[Source data]:
Segment Open
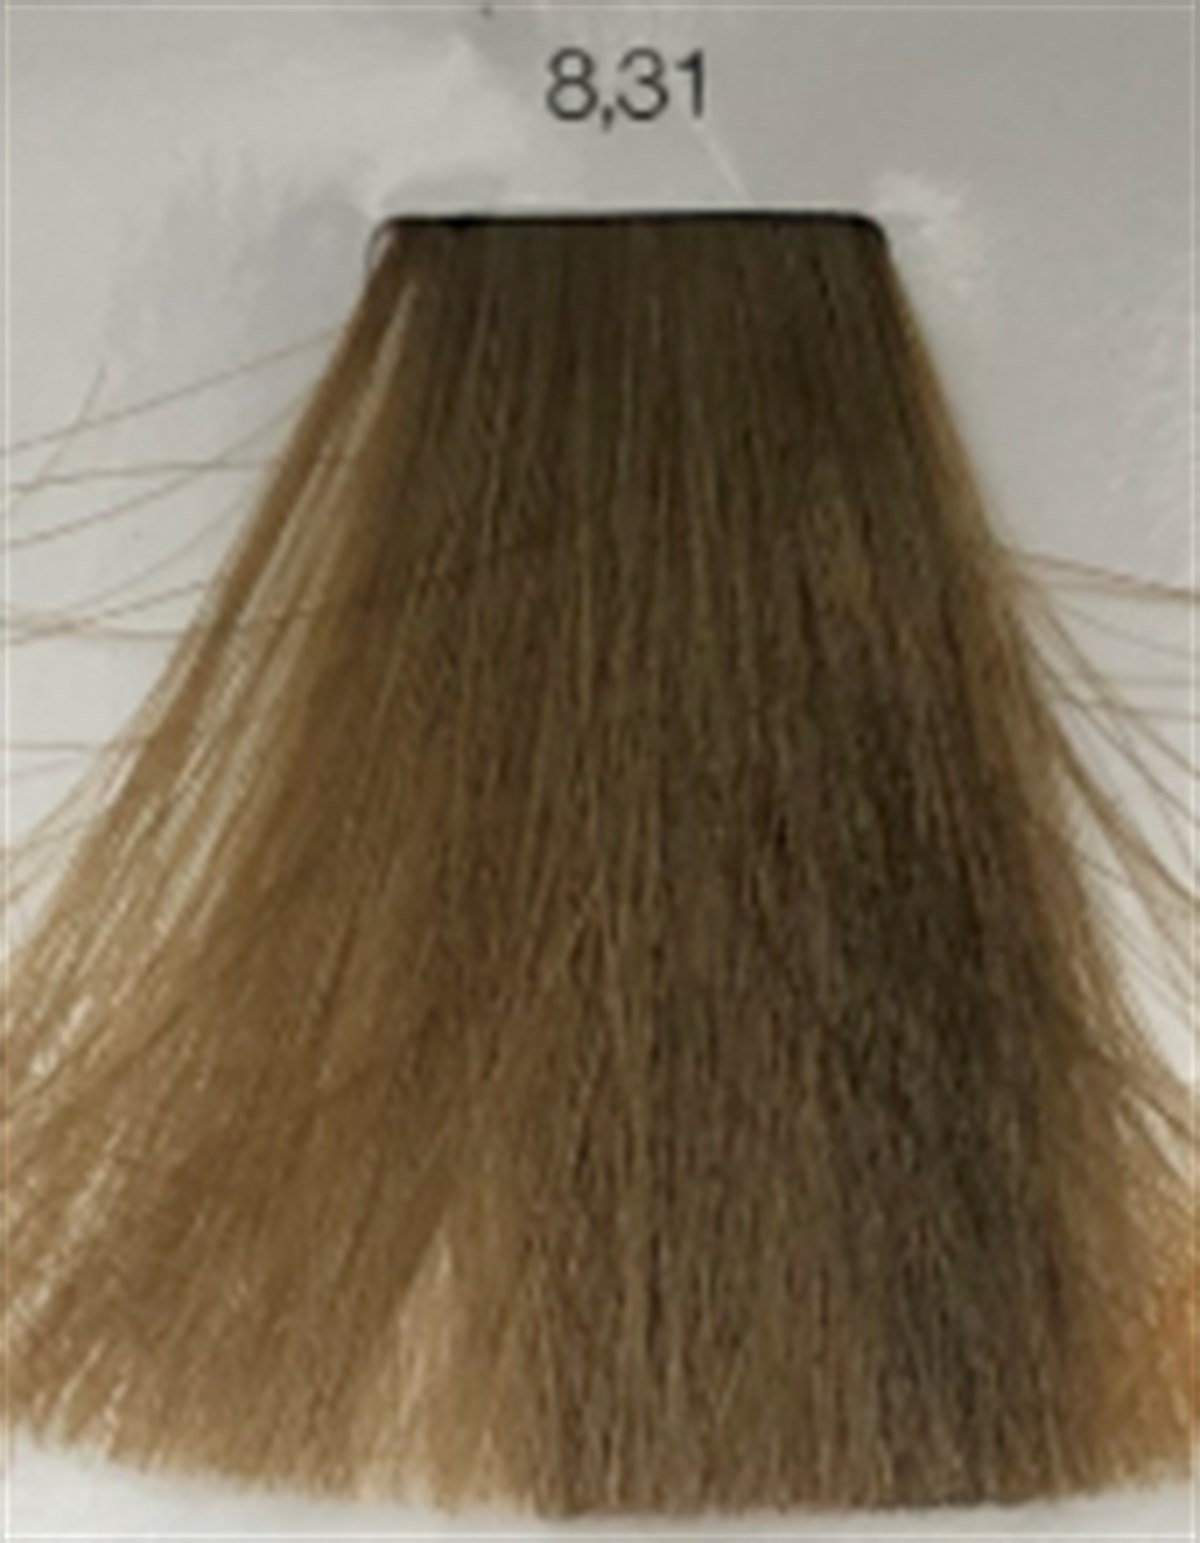 inoa saç boyası 8.31İNOA SAÇ BOYASI-www.arzumkozmetik.com
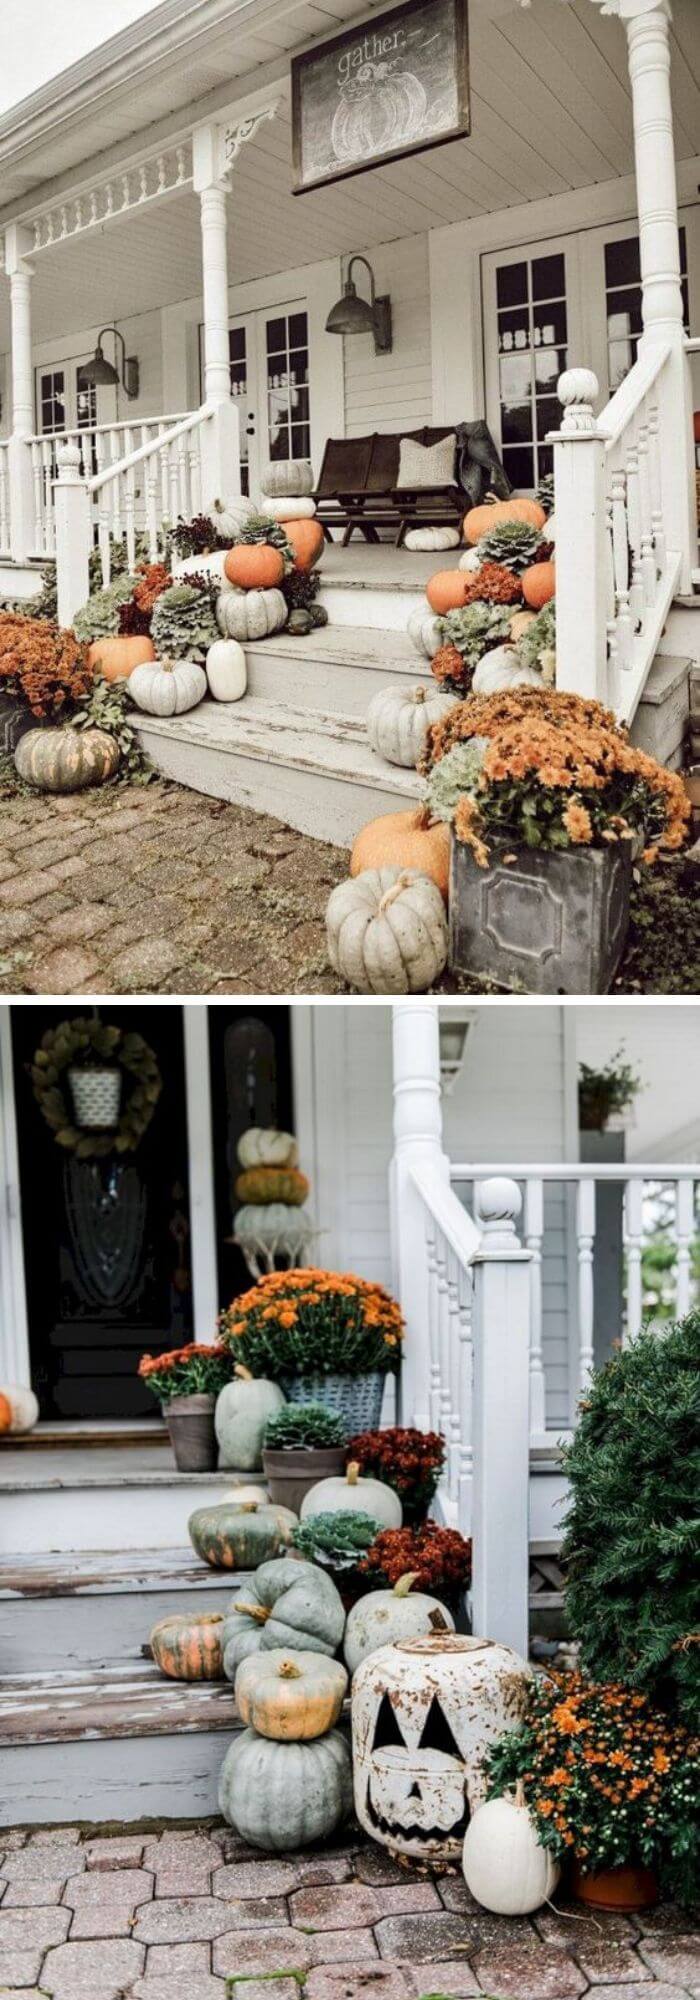 5 farmhouse fall decorating ideas
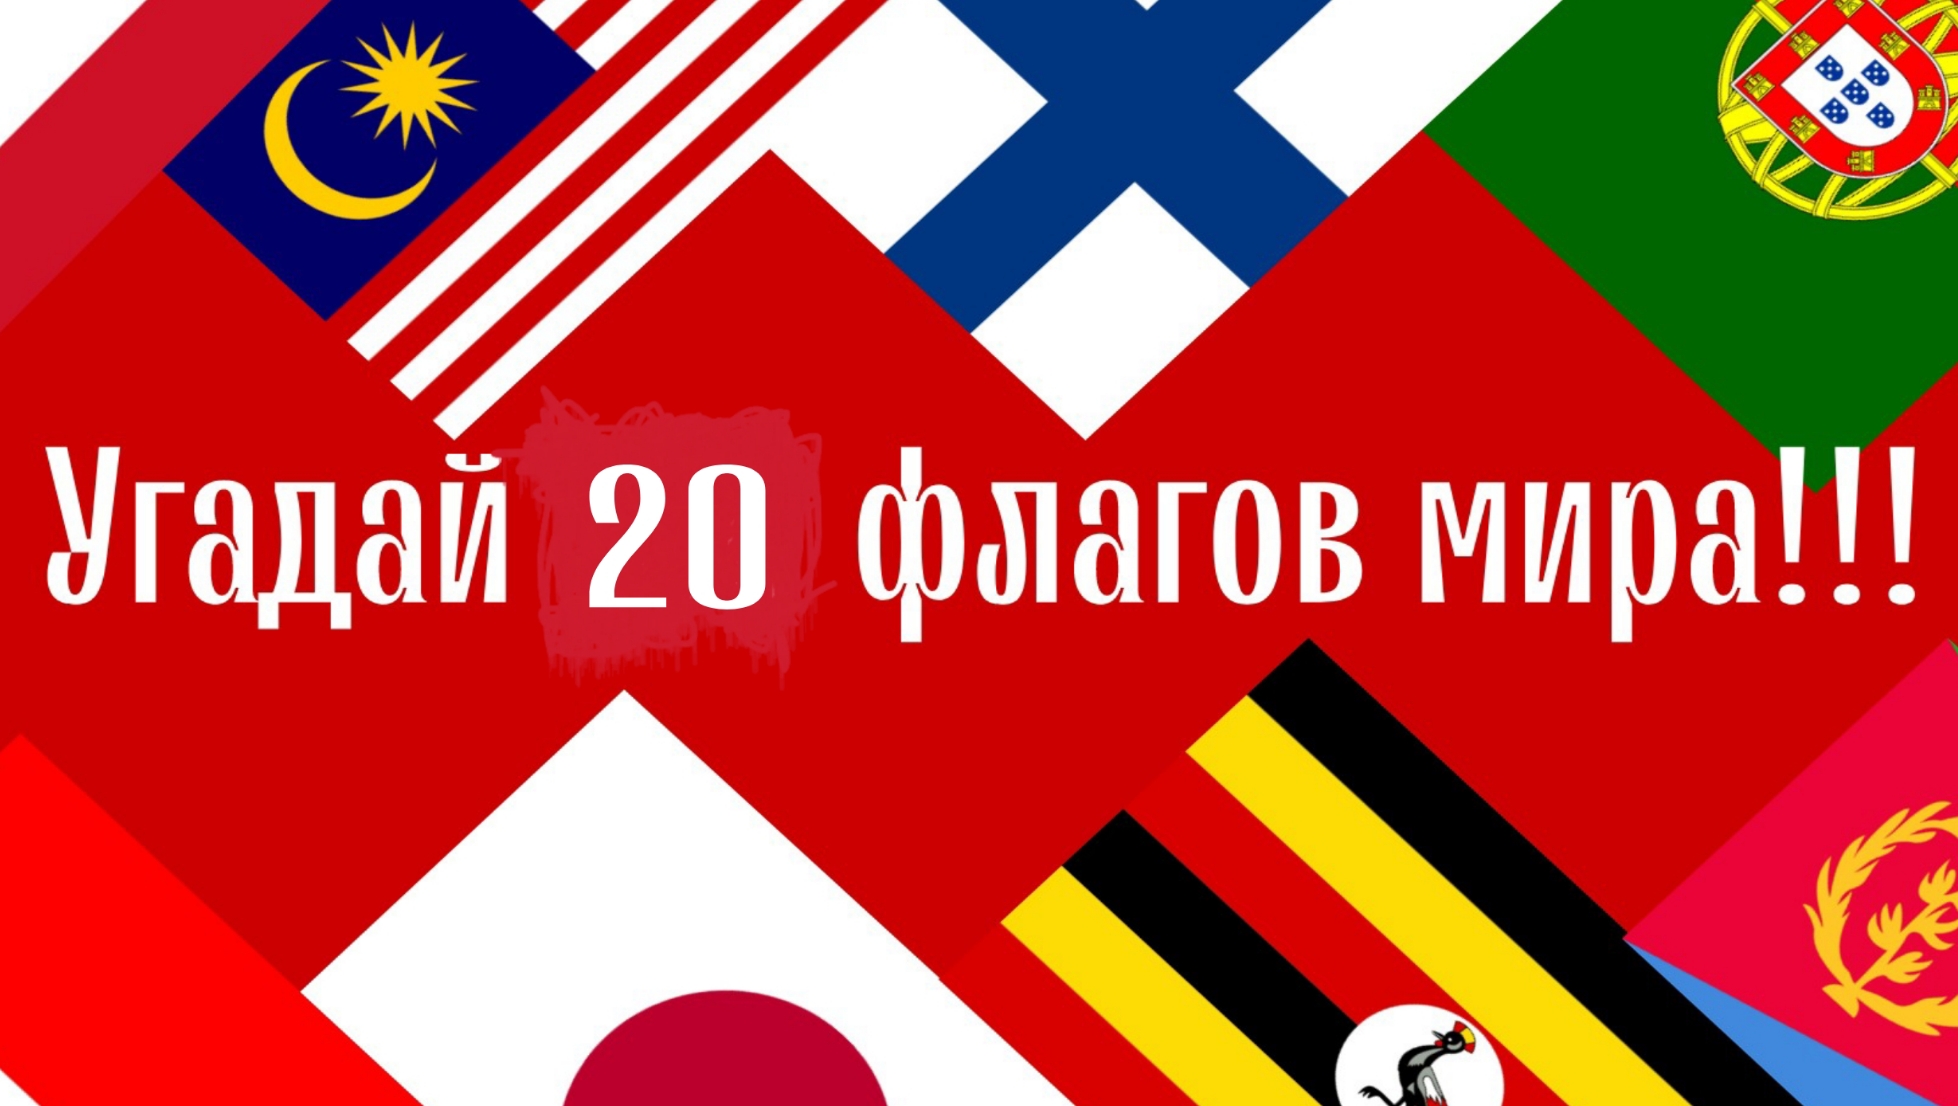 Сможешь ли ты🫵угадать 20 стран мира по флагу за 7 секунд?🤨
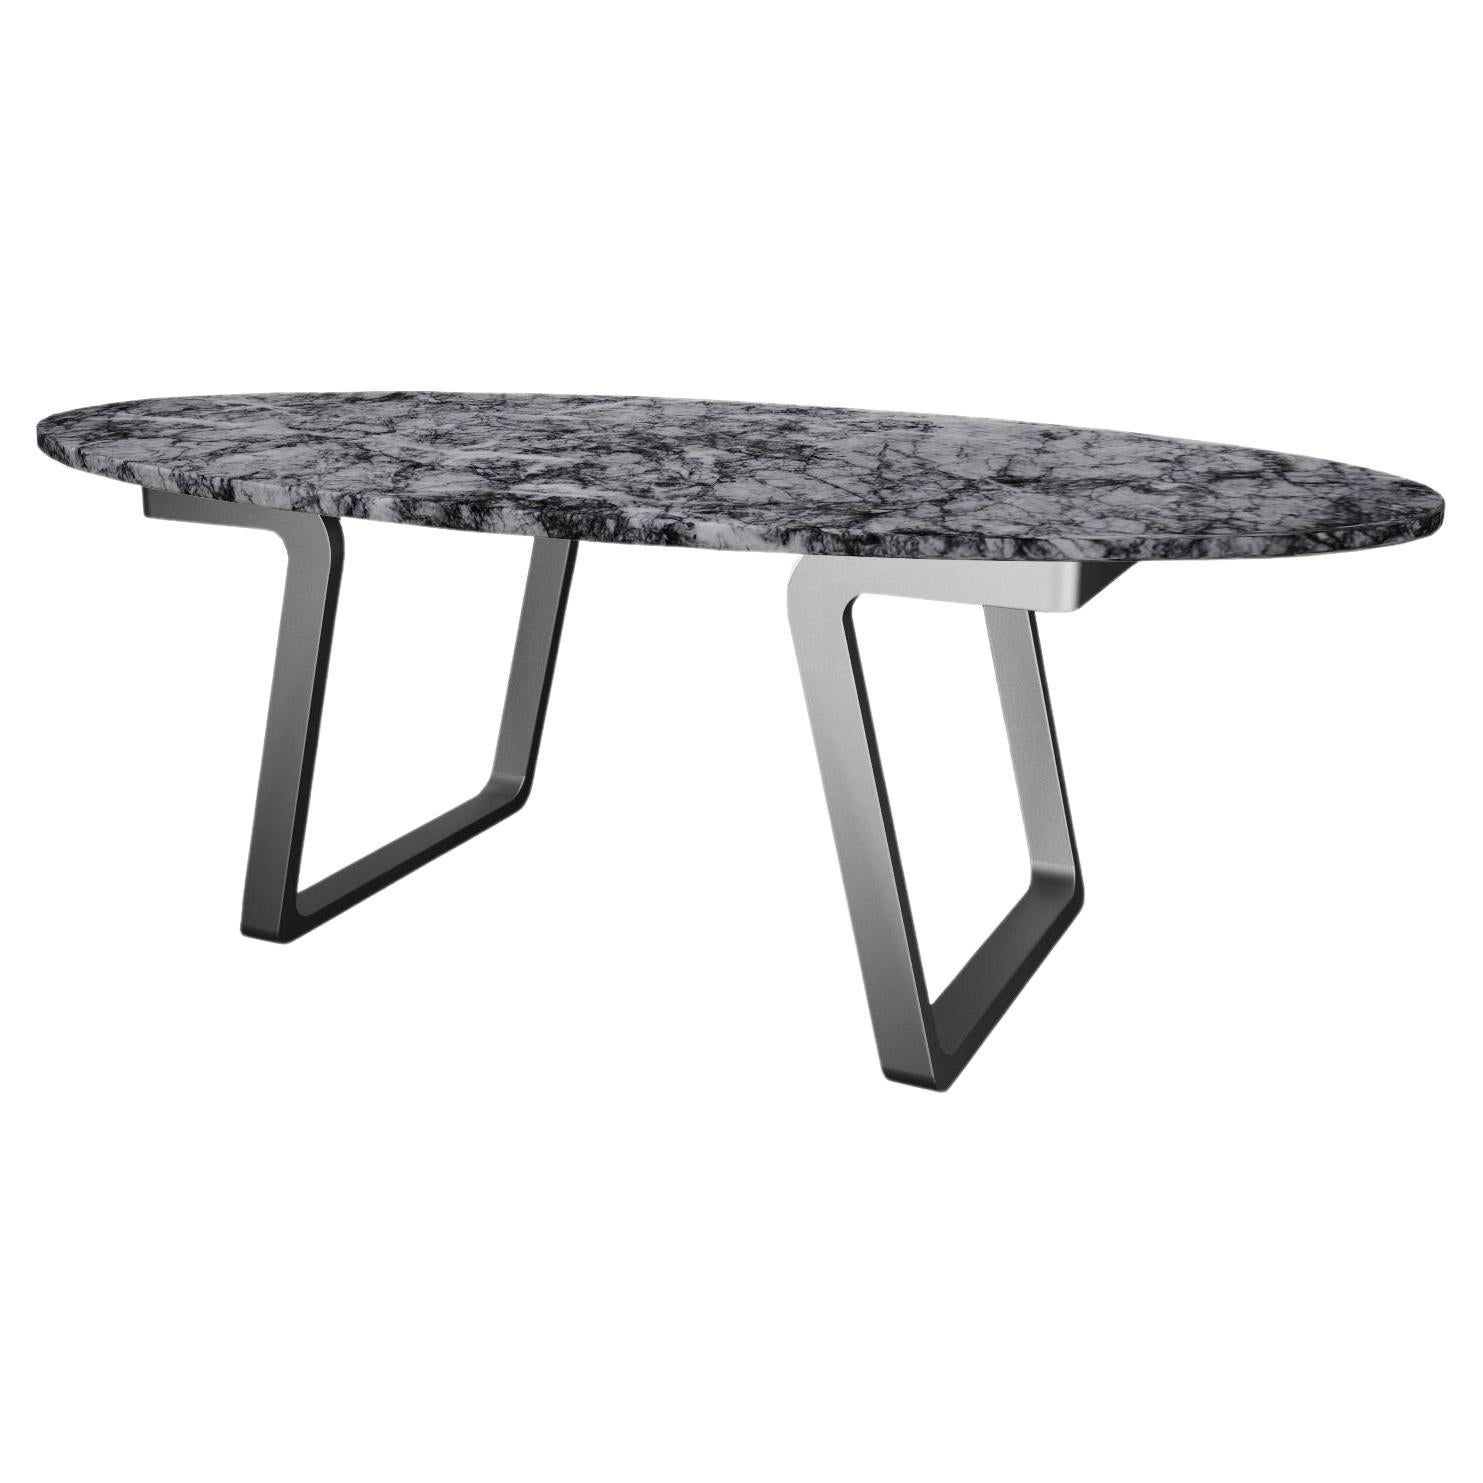 Table basse NORDST JERRY, marbre gris Rain italien, design moderne danois, nouveau en vente
Segment Closed
Images are to be left out; everything else in the material must be written out exactly.

 inoa saç boyası 8.31İNOA SAÇ BOYASI-www.arzumkozmetik.com
 5 farmhouse fall decorating ideas
 Сможешь ли ты🫵угадать 20 стран мира по флагу за 7 секунд?🤨
 Table basse NORDST JERRY, marbre gris Rain italien, design moderne danois, nouveau en vente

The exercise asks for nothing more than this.